El primer Pueblo Mágico de Puebla donde tomas café entre niebla y techos de teja roja

A cuatro horas de la Heroica Puebla de Zaragoza, se esconde, entre la sierra y la neblina Cuetzalan del Progreso, un Pueblo Mágico donde las calles empedradas y las casas blancas de techos rojos aparecen y desaparecen entre la bruma. Fue habitado por totonacas y nahuas y, posteriormente, por frailes franciscanos en 1547. Su nombre significa ‘lugar donde nacen los quetzales’, un ave sagrada que para los mayas y aztecas simboliza la unión del cielo y la tierra, la fertilidad, la luz y la riqueza. Hoy en día, Cuetzalan es reconocido por su café, su gastronomía y sus impresionantes cascadas y grutas.

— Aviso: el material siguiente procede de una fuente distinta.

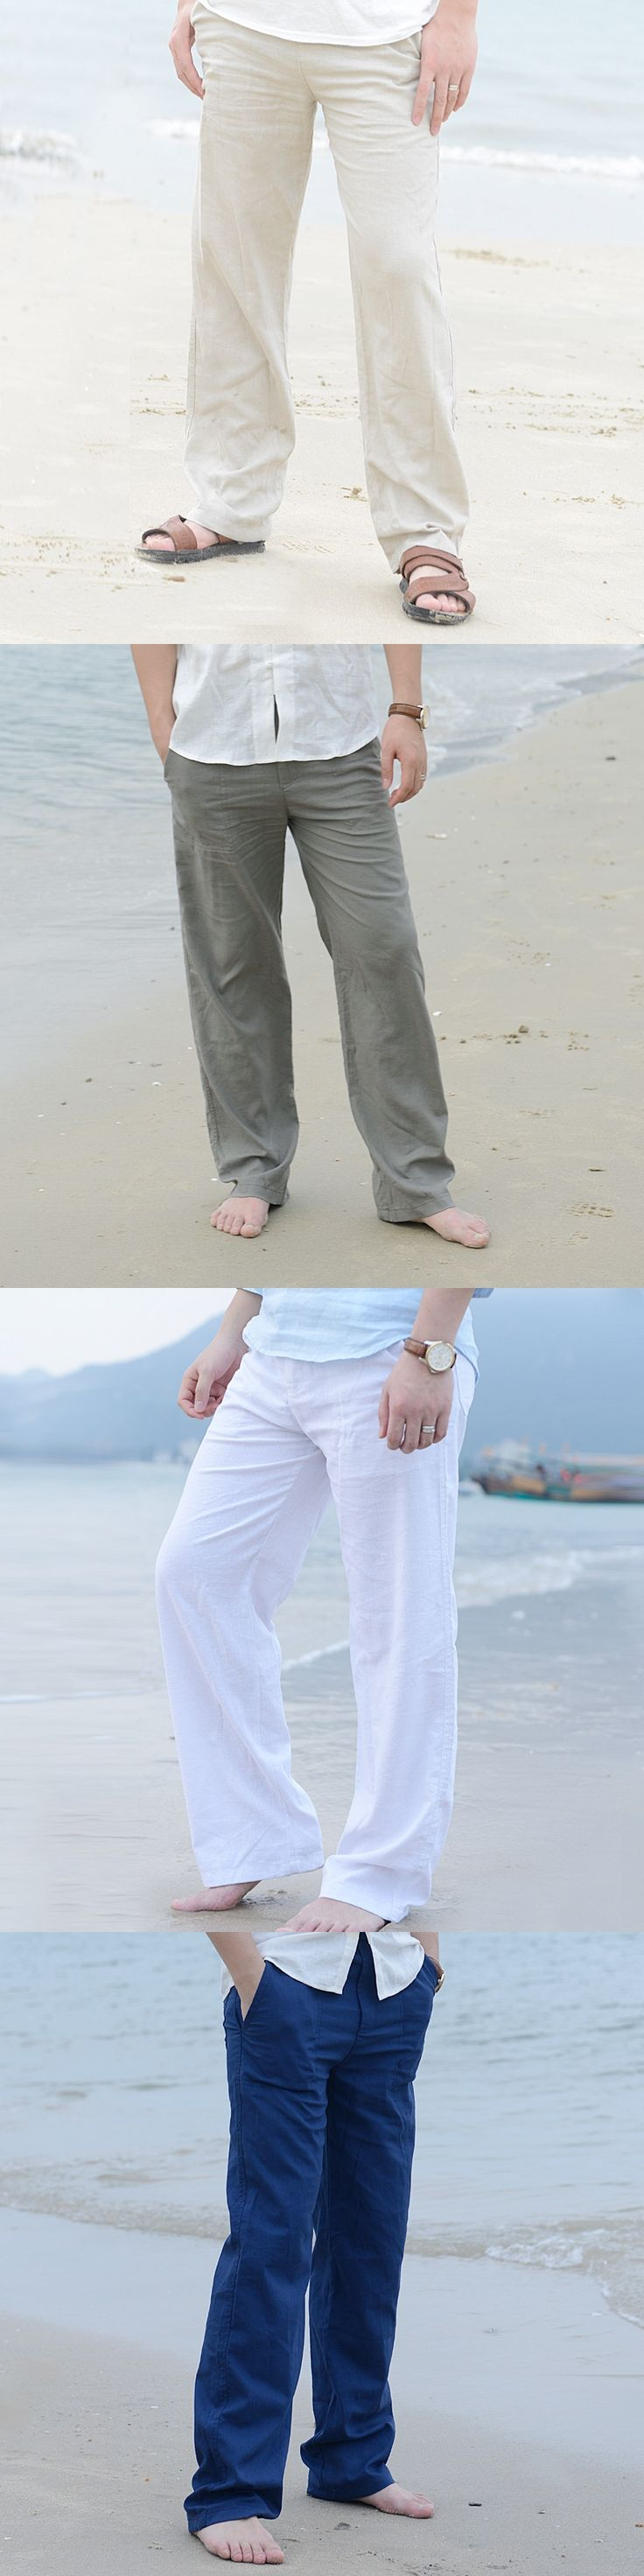 Men's Summer Casual Pants Natural Cotton Linen Trousers White Linen Elastic Waist Straight Pants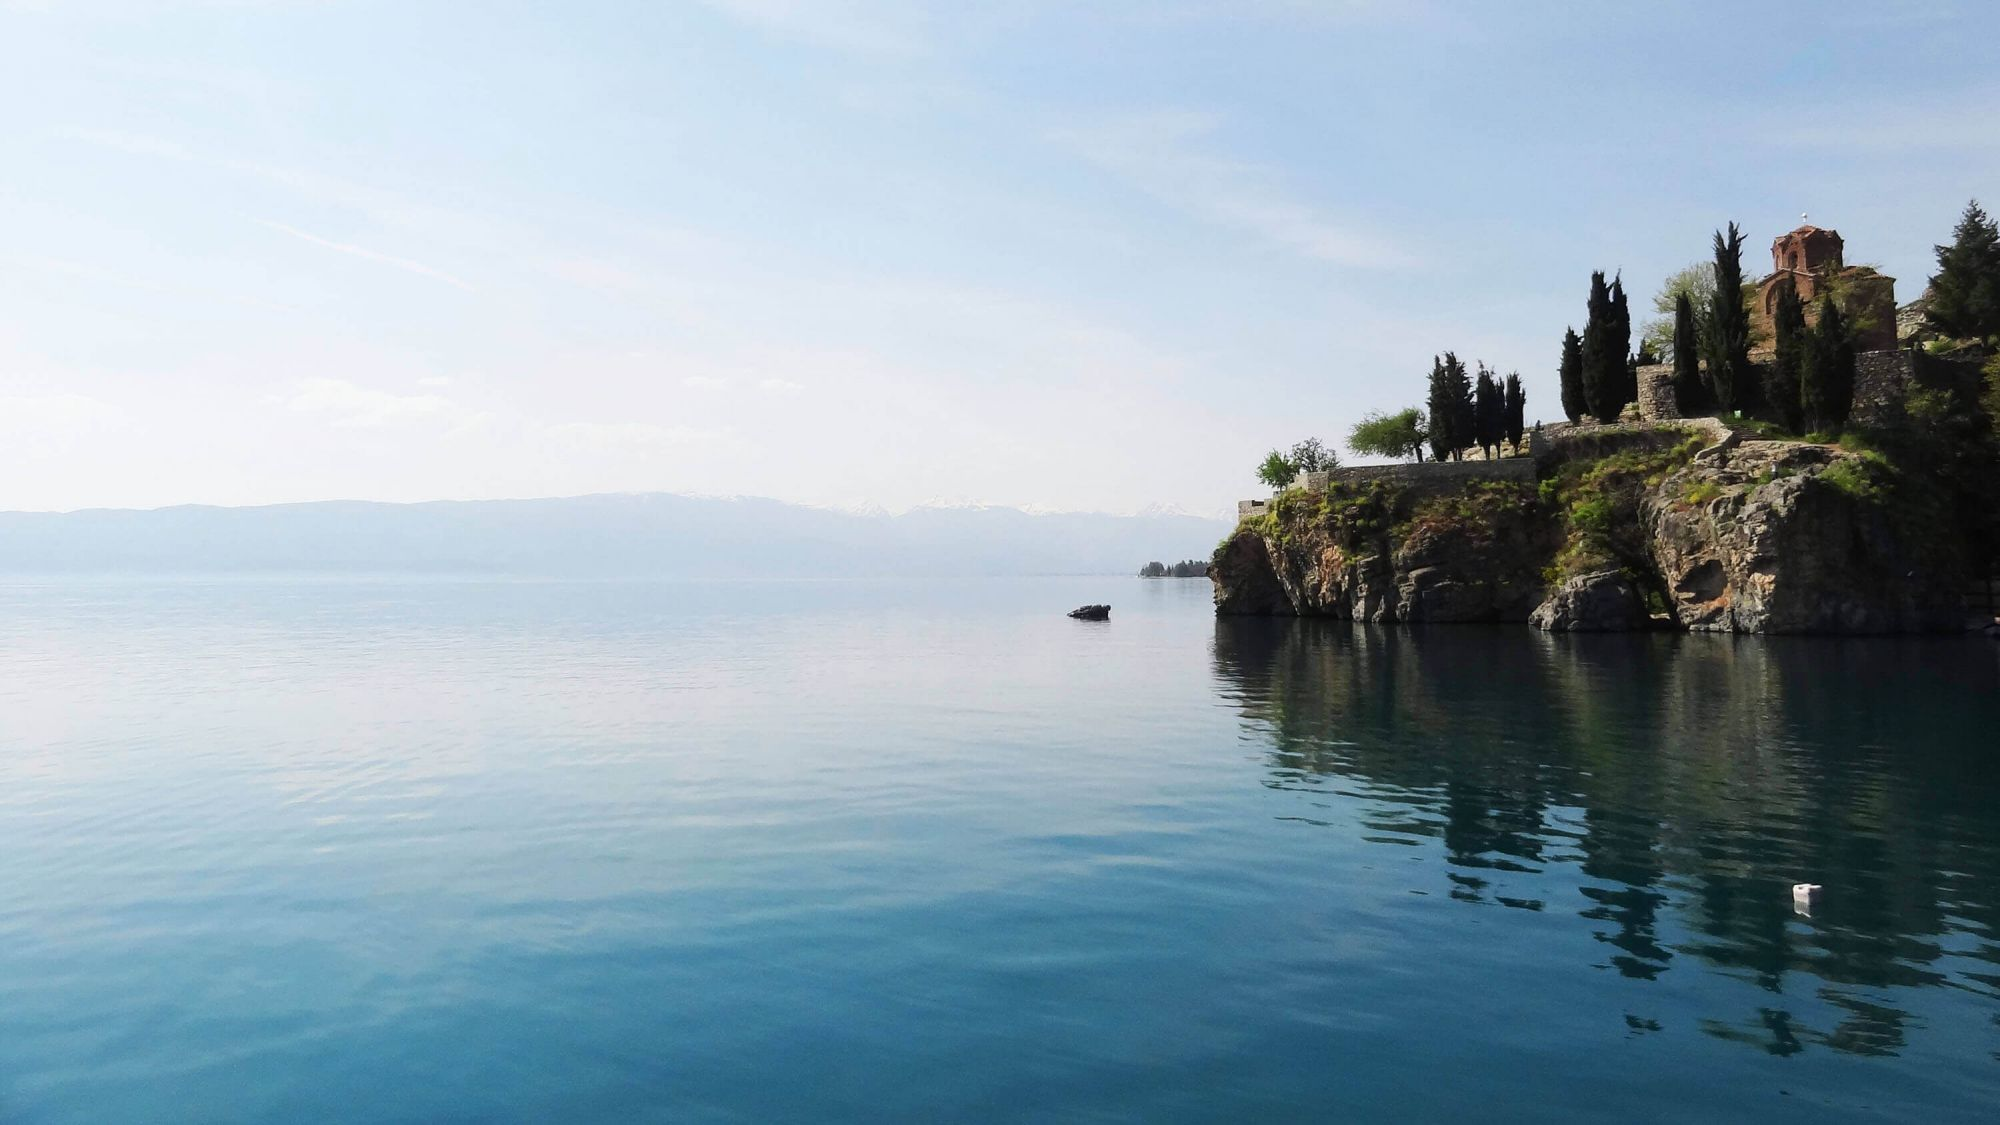 Ohri Gezi Rehberi Makedonya | Ohri Gezi Rehberi Makedonya Ohri Tekne Turu 4

Vista aérea del Pueblo Mágico de Cuetzalan
Cuetzalan del Progreso es un pueblo de montaña ubicado en la sierra poblana. Foto: Foto: Roberto Michel
calle empedrada de un pueblo mexicano
Cuetzalan se esconde entre la niebla y el bosque. Foto: Cortesía

Cuetzalan es reconocido por producir café de calidad 

Cuetzalan es uno de los municipios de Puebla donde se produce café de alta calidad, junto con Pahuatlán, Xicotepec y Tlatlauquitepec. Aquí se cultiva café de altura en bosques de niebla, bajo sombra, una tradición que se ha mantenido por más de 150 años. Estas condiciones permiten que sus variedades arábicas desarrollen un perfil suave, complejo y aromático. Además, no se utilizan pesticidas y cada grano se recolecta a mano en su punto de maduración, antes de pasar por procesos artesanales de tostado.

cafecultor recolectando granos de café
Cuetzalan produce café de altura de gran calidad. Foto: Joseph Sorrentino

Alrededor del pueblo es fácil encontrar fincas cafetaleras como Reserva Azul, donde se pueden recorrer los cultivos, conocer el proceso de producción y participar en catas. También hay varios espacios para disfrutarlo, desde pequeños locales hasta terrazas con vista a la sierra; uno de los imperdibles es Café Restaurante Museo La Época de Oro, ubicado en el centro del pueblo. 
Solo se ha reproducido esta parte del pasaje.